# Fishing Fool looking for offshore ride



## twan52479 (Jul 18, 2013)

I am an avid offshore fisherman I own a 24ft center console that I take offshore but with my boat only being a 24ft boat I am limited on the amount of trips offshore that I will be able to make so I am looking for new fishing buddies to share knowledge, tricks, and tips oh and can't forget those fish stories. I have all my own gear I make my own liters I bring my own bait. I have my share of the gas, bait, and ice bill I will also help out with all boat chores let me know when and where and let's go catch some fish oh yeah and I also have some really good numbers. Team SS. You can txt me at 832 287 0802 thanks guys tight lines to all and fish on!


----------



## saltwaterfisherman (Jan 5, 2014)

*Fishing Fool*

I also have a 24` single engine and I am always looking for a buddy boat.


----------



## sylvan (Dec 26, 2007)

Most 24' boats offer many opportunities for an offshore trip. Single or twin engine.
My first "offshore" boat was a 17' Aquasport that was a battleship to me. :rotfl: The trick is get together with several boats and go as a group for safety and to learn.
My rule of thumb was no more than a third of the gas going out - it gives you a
safety margin of getting home.

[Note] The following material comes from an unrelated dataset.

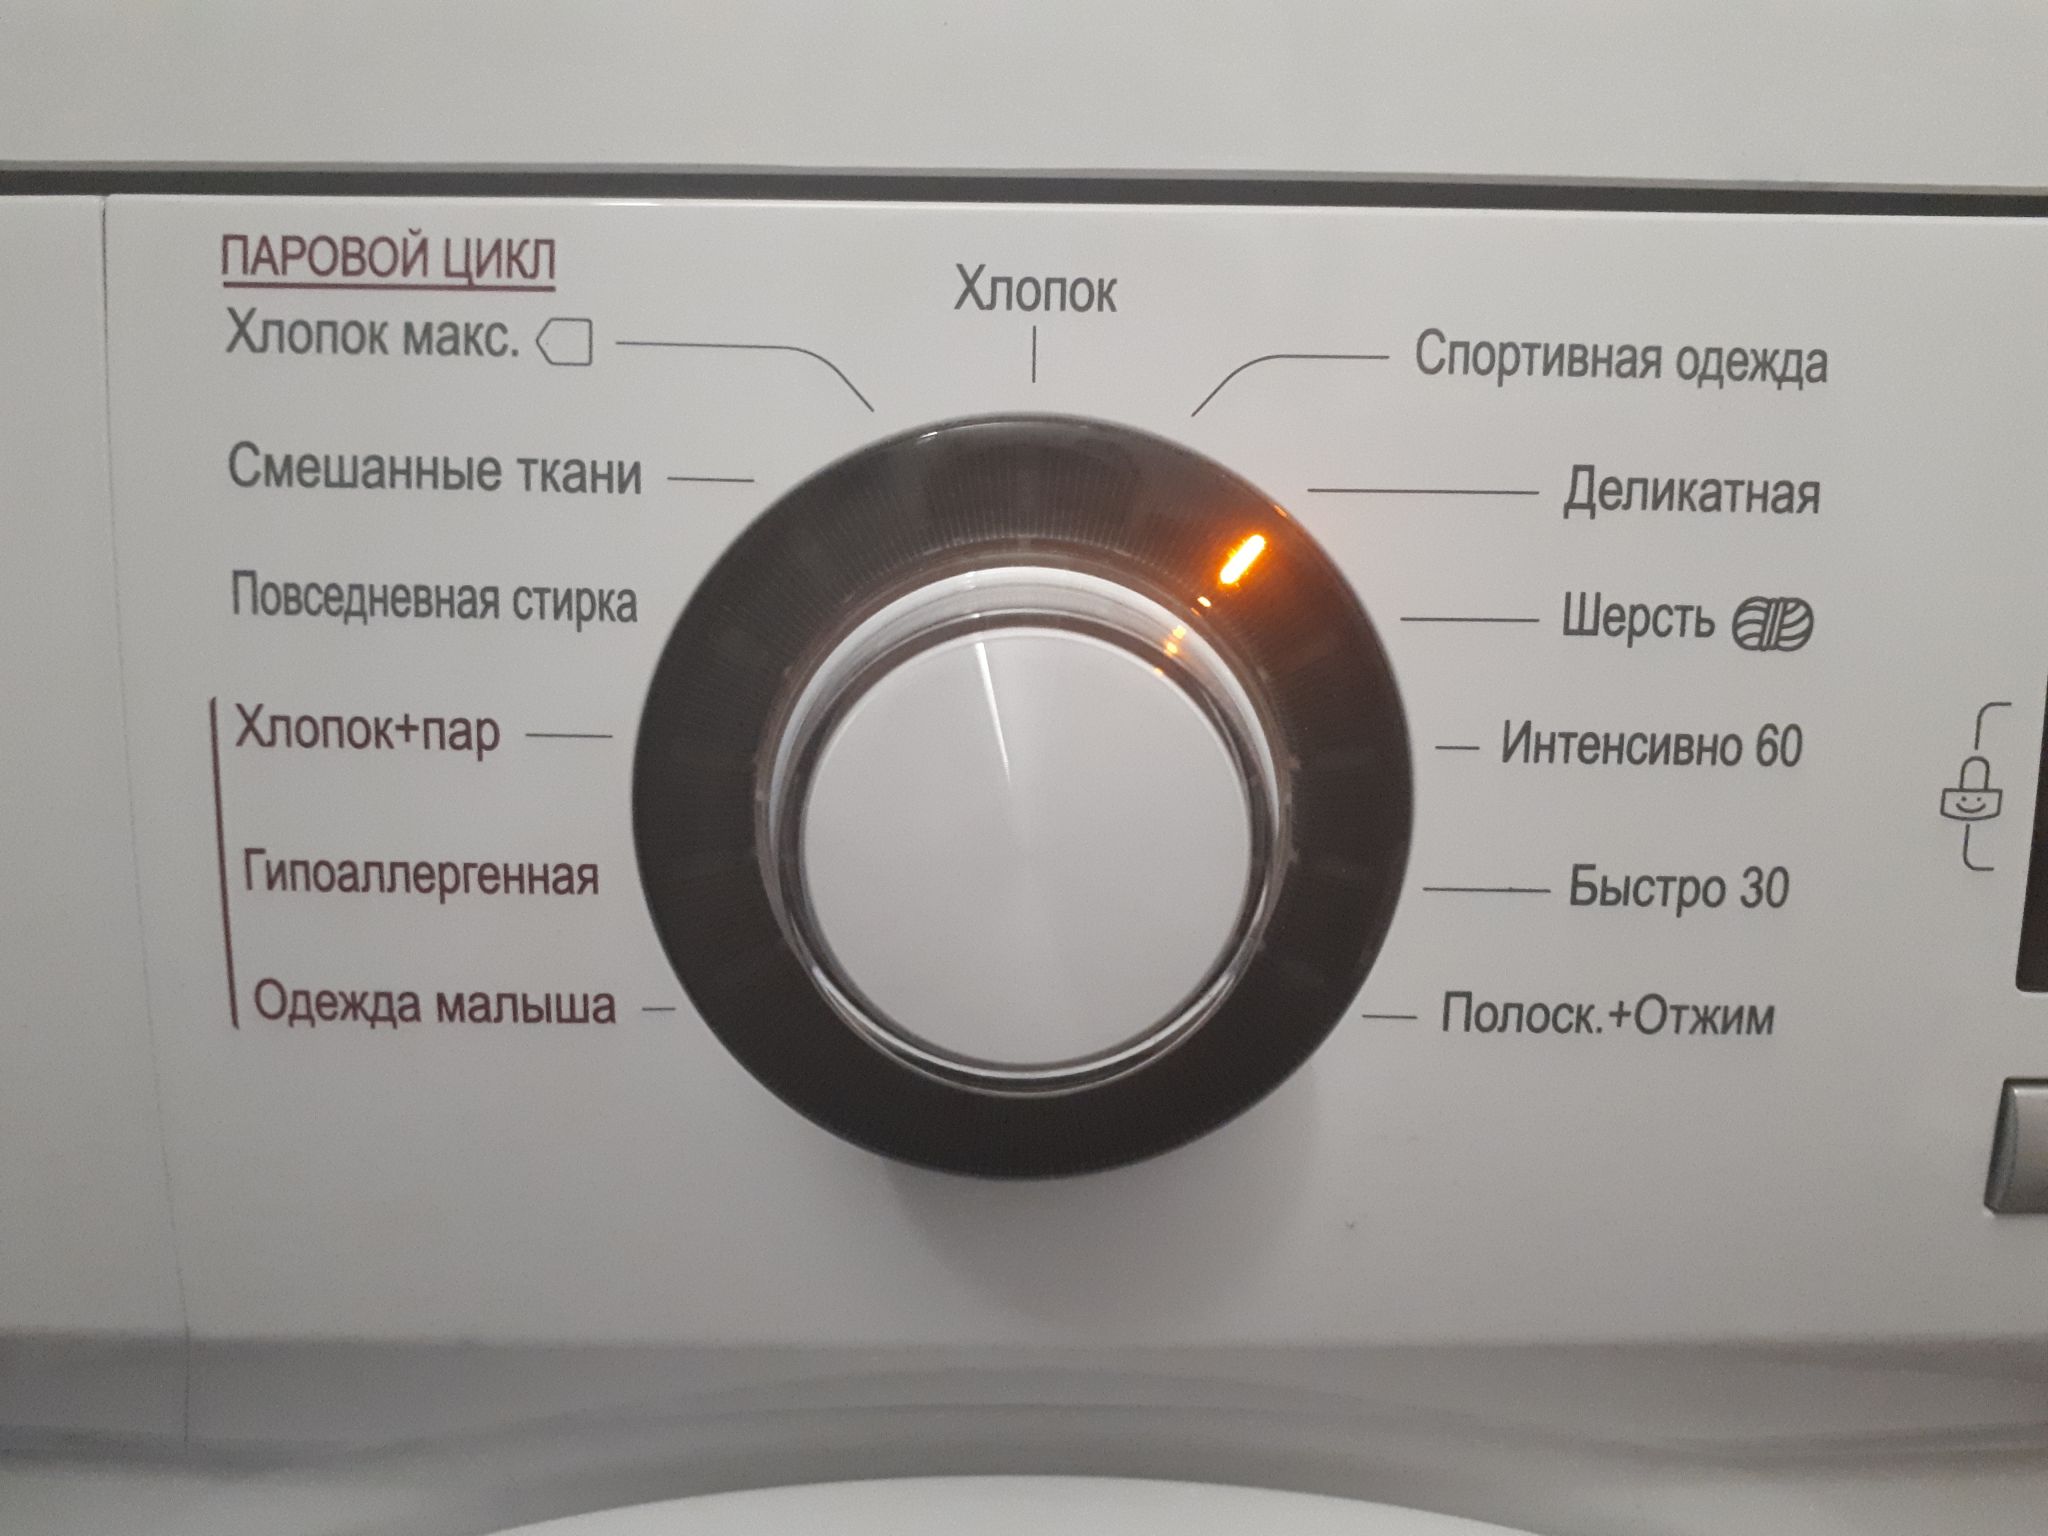 функция пара в стиральной машине steam что это такое фото 103

The average 24' boat has at least 60 gal of gas and off Galveston and Freeport, that will get you well into kingfish and ling territory as well as snapper if we ever again get to keep any 
Find a buddy boat and go!


----------



## beantownwhaler (Jun 17, 2012)

Where do you fish out of i fish out of port Aransas. Ive got a 24 mako always lookin for buddy boats


----------



## twan52479 (Jul 18, 2013)

I fish out of Freeport or Galveston I have a 120 gallon tanks so my range is crazy long I am a weather watcher lol but I am headed down to port'O conner for a week or so I have all my offshore leaders pre made from mangrove and vermillion leaders to snapper grouper and king fish leaders let me know if anyone plans on making a run out port O from the 24th through 31st


----------